In contrast to phenotypic characters, molecular markers are independent of environmental conditions and show higher levels of reliability. They have been widely used as important tools by modern taxonomists to improve phylogenetic analysis and to species authenticate many different plants (Mulpuri et al., 2013; Feng et al., 2015a,b). At present, only a few molecular markers have been applied to the genetic relationship and diversity study of Physalis species (Whitson and Manos, 2005; Vargas-Ponce et al., 2011; Wei et al., 2012; Labate and Robertson, 2015; Feng et al., 2016b).

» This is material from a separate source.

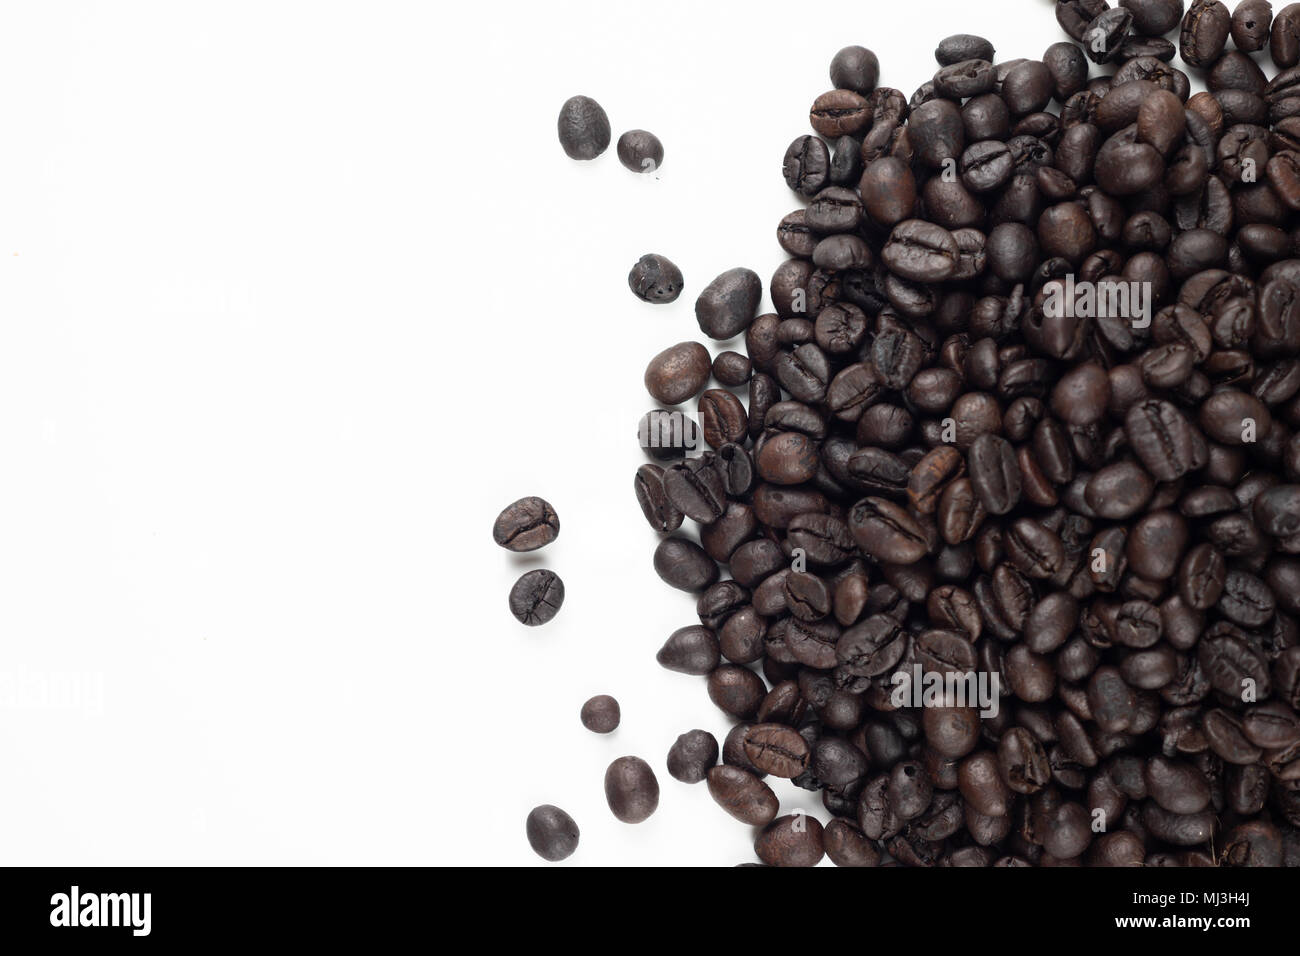 Roasted coffee beans on white background. Select focus shallow depth of field with copy space Stock Photo

As a simple and novel marker system, start codon targeted (SCoT) marker was developed based on the short conserved region flanking the start codon (ATG) in plant genes (Collard and Mackill, 2009). SCoT marker requires no sequence information and is correlated with functional genes and corresponding traits (Mulpuri et al., 2013). Compared with random amplified polymorphic DNA (RAPDs), inter-simple sequence repeats (ISSR), and simple sequence repeats (SSRs), SCoT employs longer primers (18 nucleotide bases 18-mer) that produce more polymorphisms. It has been extensively used in genetic diversity studies, phylogenetic analysis, and for the marker-assisted breeding of many plants (Collard and Mackill, 2009; Luo et al., 2010, 2011, 2012; Xiong et al., 2011; Guo et al., 2012; Mulpuri et al., 2013; Feng et al., 2015a, 2016a). However, because it is relatively sensitive to experimental conditions and the complexity of PCR products when used as RAPDs and ISSRs, SCoT markers are rarely used directly for species identification. In order to alleviate the problems that arise when using conventional molecular marker techniques, the sequence characterized amplified region (SCAR) marker system was developed (Paran and Michelmore, 1993). As one of the PCR-based genetic markers, SCARs could be derived from RAPD (Joseph et al., 2014), ISSR (Lee et al., 2011), SCoT (Mulpuri et al., 2013), inter-retrotransposon amplified polymorphism (IRAP) (Xiao et al., 2011; Mandoulakani et al., 2015), and intron length polymorphisms (ILP) (Shimada et al., 2009) markers. It represents a specific, defined genomic DNA fragment that is detected by PCR amplification using a pair of specific primers. Compared to conventional molecular markers, SCARs have proven to be simpler, more reproducible and more reliable when used for plant identification at the intra-and/or inter-specific level (Lee et al., 2011; Cirillo et al., 2012; Mulpuri et al., 2013; Marieschi et al., 2016).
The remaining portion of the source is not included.